Hot Chips 31 Live Blogs: Tesla Solution for Full Self Driving

12:43PM EDT - The first talk being live blogged at Hot Chips today is from Tesla, who are showing off their compute and redundancy solution for a fully-self driving car. We assume this means a Level 5 car, so it will be interesting to see what is mentioned.

12:56PM EDT - Looks like we're going to start in a minute

01:00PM EDT - Presented by a former AMD architect who worked on Bulldozer and Zen

01:01PM EDT - FSD = Fully Self Driving

01:01PM EDT - Needed Custom hardware to run CNN very fast

01:01PM EDT - Level 5 is a tough target

01:01PM EDT - 100W was a limit for the computer

01:01PM EDT - FSD needed to be retrofitted into HW2.x cars

01:02PM EDT - Cooling in those cars is limited

01:02PM EDT - HW2.x was pre-FSD

01:02PM EDT - Looked at the market, nothing suitable to meet perf levels at the power constraints and form factor constraints

01:02PM EDT - Tesla had to design its own chip to meet those goals

01:03PM EDT - Dual Redundant SoCs

01:03PM EDT - Redundant Power Supplies

01:03PM EDT - Backwards compatible

01:03PM EDT - Operlapping camera field with redundant paths

01:03PM EDT - Four of the cameras are on the blue supply, four on the green supply

01:03PM EDT - All info goes to both SoCs

01:04PM EDT - both can process it all independently

01:04PM EDT - rich sensor suite

01:04PM EDT - Cameras, Radar, GPUs, Maps, IMUs, Ultrasonic, Wheel Ticks, Steering Angle

01:05PM EDT - Two SoCs comes up with plans. Plans are compared, and when they agree, actions are taken by the master, and it is validated by slave SoC, and it repeats

01:05PM EDT - As many TOPs for Tesla workloads, 50 TOPs was a minimum bar

01:05PM EDT - High utilization for batch size of one (video)

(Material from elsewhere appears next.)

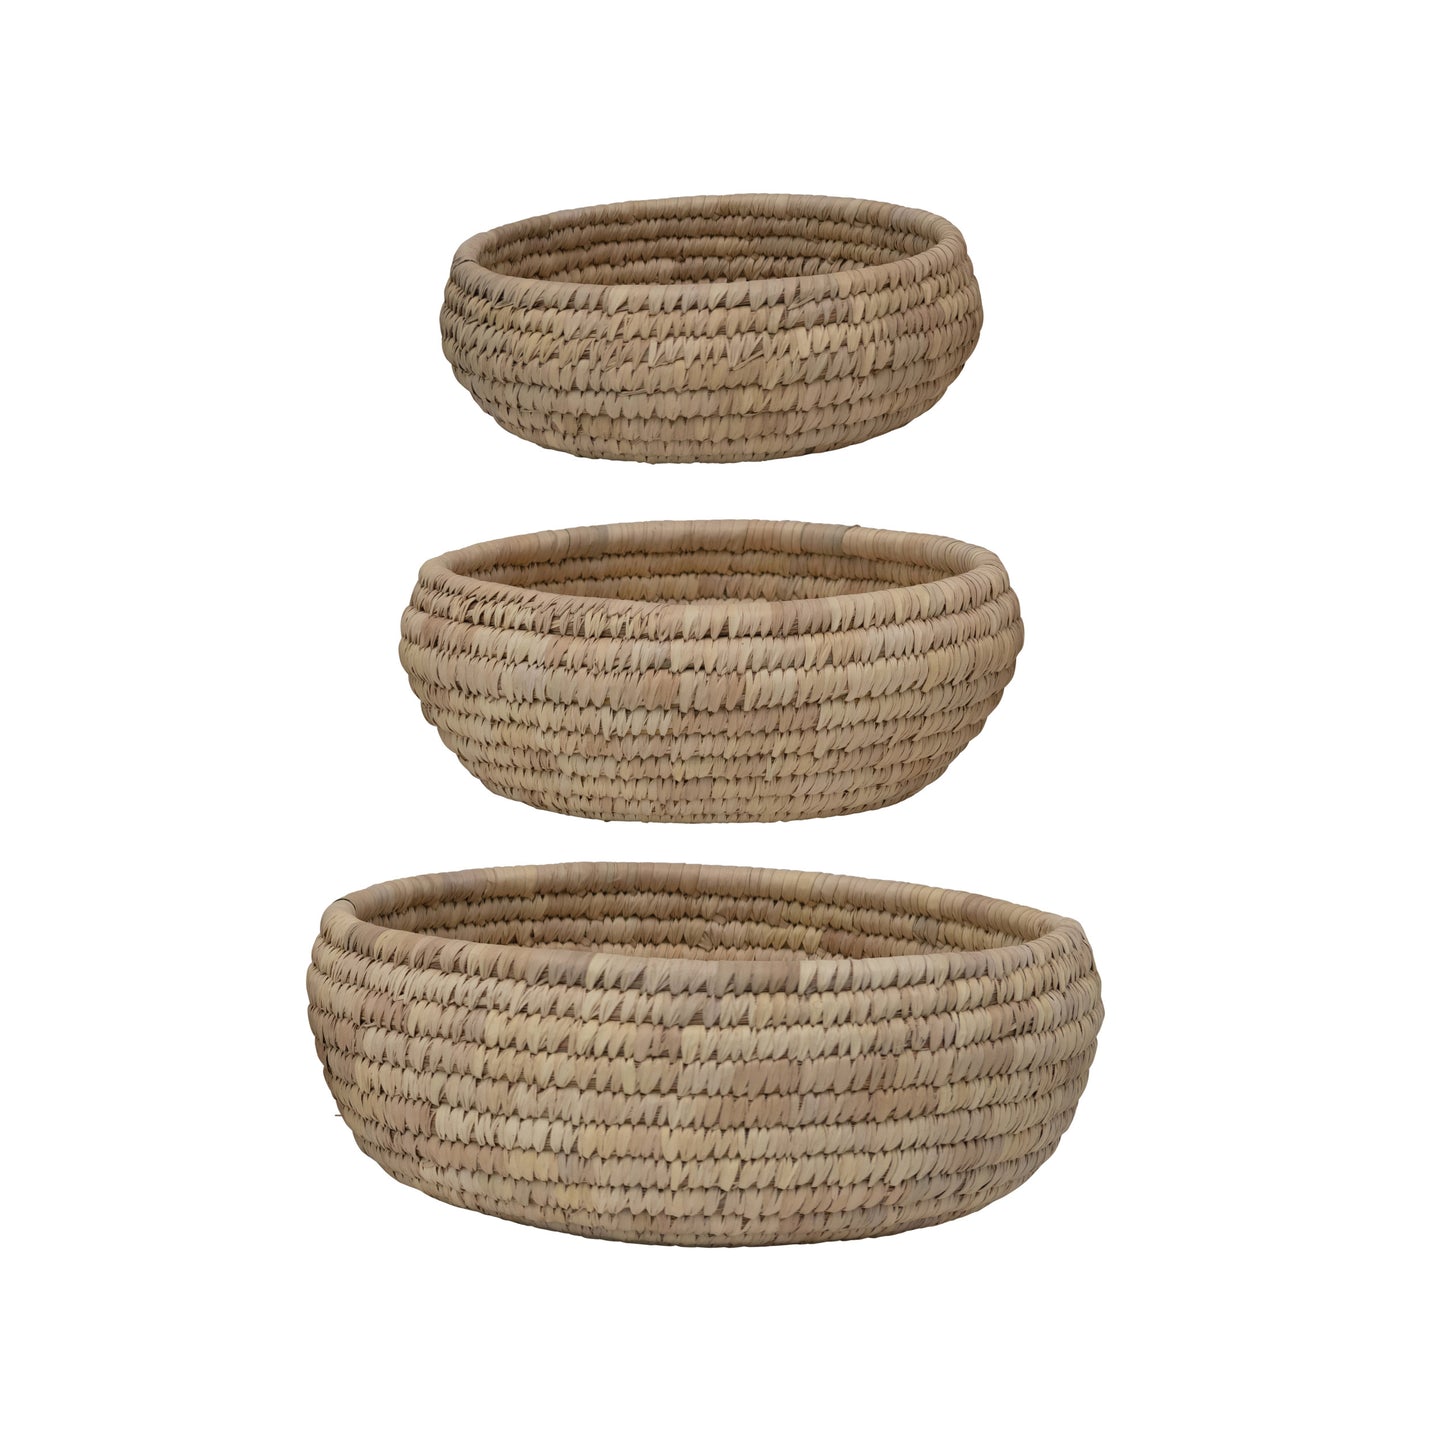 Woven Grass & Date Leaf Basket, multiple styles

01:06PM EDT - Ended up with sub-40W/chip. Best in class power efficiency for inference

01:06PM EDT - Leading latency results. Safety and security gets speicial processors

01:06PM EDT - Samsung 14FF

01:06PM EDT - 260mm2, 6b transistors

01:06PM EDT - AECQ100

01:07PM EDT - 12x A72 CPUs on right, 1x GPU

01:07PM EDT - Two Neural Network Accelerators, a from-scratch design. Everything else waas industry IP

01:07PM EDT - Dual NNAs, each one is 96x96 MACs, can do 36.8 TOPs per NNA

01:08PM EDT - 32MB SRAM per instance, bandwidth optimized

01:08PM EDT - lots of programs can be resident in SRAMs

01:08PM EDT - simple programming model

01:08PM EDT - Built for 2 GHz+

01:08PM EDT - 72 TOPs for whole SoC at 2 GHz

01:08PM EDT - 14 month from Arch to Tape out

01:08PM EDT - First silicon success

01:08PM EDT - Took some calculated risks on the design

01:09PM EDT - Simulation challenges

01:09PM EDT - Needed to get it right

01:09PM EDT - Used Verilator, 50x faster than commercial simulators

01:10PM EDT - NNA Design Motivation. Solve a convolutional neural network

01:10PM EDT - 99.7% of operations are MACs

01:10PM EDT - Speeding up MACs makes Qualtization/pooling more perf sensitive

01:11PM EDT - Dedicated Quantization and Pooling HW to speed things

01:13PM EDT - 8-bit MULs with 30-bit ADDs

01:15PM EDT - Going over the slide. Basic MatMul stuff

01:20PM EDT - Control flow is extremely important for perf and power

01:20PM EDT - Most energy is spent is moving instructions and data around

01:21PM EDT - FSD eliminates DRAM reads/writes

01:21PM EDT - Minimise SRAM reads

01:21PM EDT - Optimized MAC switching power

01:21PM EDT - Single clock domain

01:21PM EDT - DVFS power/clock distribution

01:22PM EDT - For inference, when you are done with a layer, it can be destroyed and not kept

01:22PM EDT - Instruction Set - here are all the operations

01:23PM EDT - Limited OoO support

01:24PM EDT - Instructions are 32B to 256B (256B = Convolution in one instruction)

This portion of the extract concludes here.